- [What you should do]:
Could you restate the data word for word and drop the pictures?

- [Source data]:
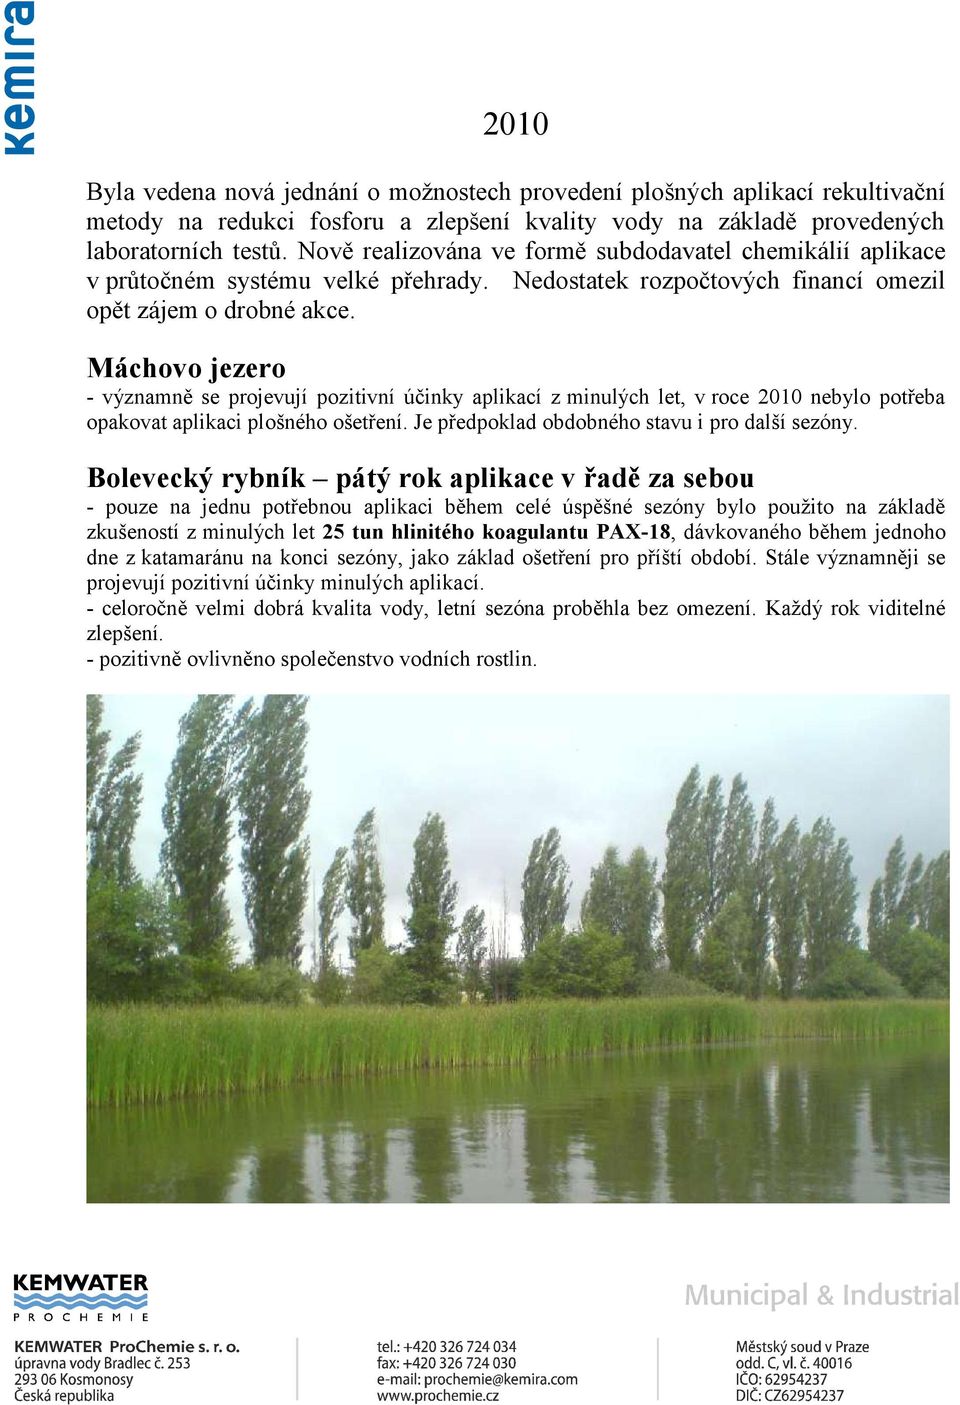 Máchovo jezero - významně se projevují pozitivní účinky aplikací z minulých let, v roce 2010 nebylo potřeba opakovat aplikaci plošného ošetření. Je předpoklad obdobného stavu i pro další sezóny.
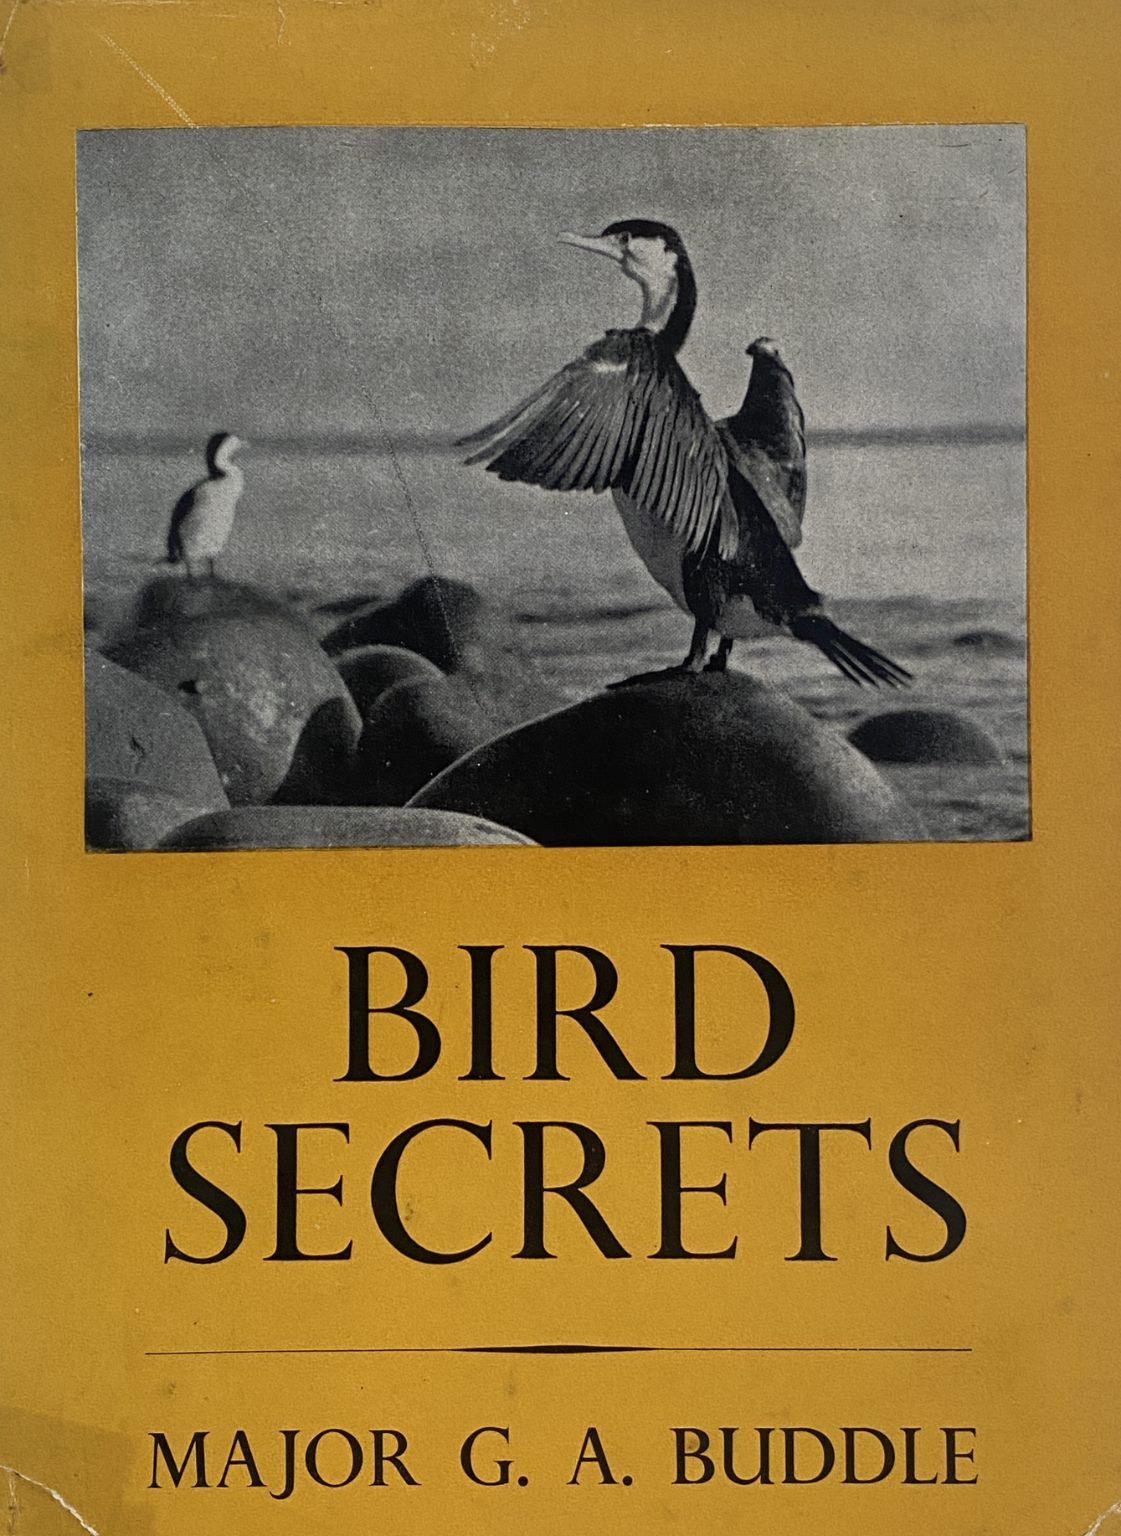 BIRD SECRETS
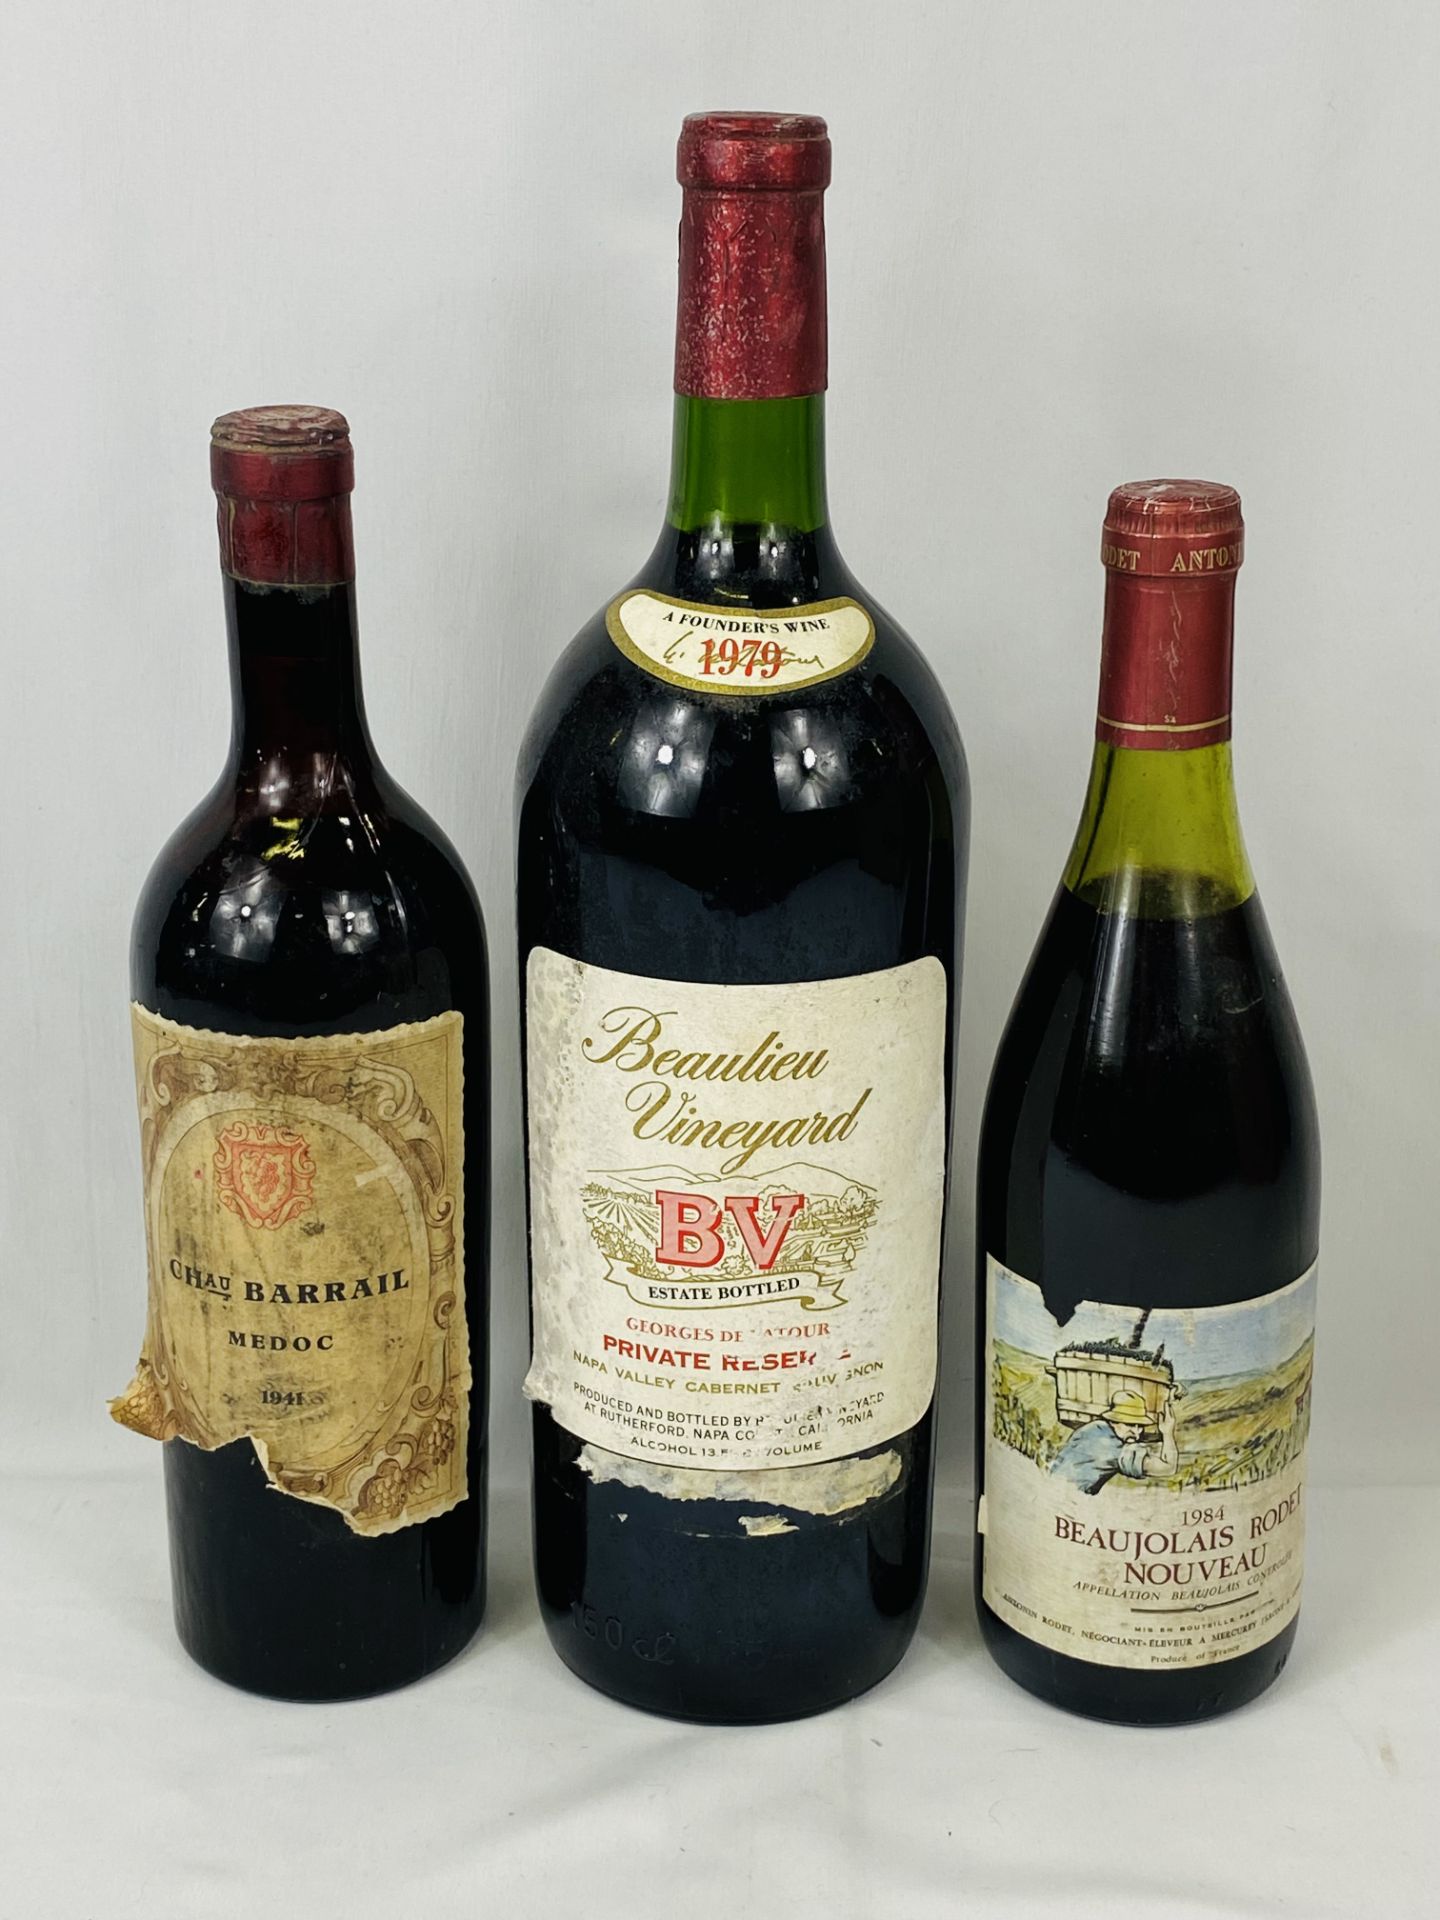 Magnum Beaulieu Vineyard Georges de Latour; Chateau Barrail 1941; Beaujolais Rodet 1984

- [Task result]:
 Máchovo jezero - významně se projevují pozitivní účinky aplikací z minulých let, v roce 2010 nebylo potřeba opakovat aplikaci plošného ošetření. Je předpoklad obdobného stavu i pro další sezóny.
 BIRD SECRETS
 Magnum Beaulieu Vineyard Georges de Latour; Chateau Barrail 1941; Beaujolais Rodet 1984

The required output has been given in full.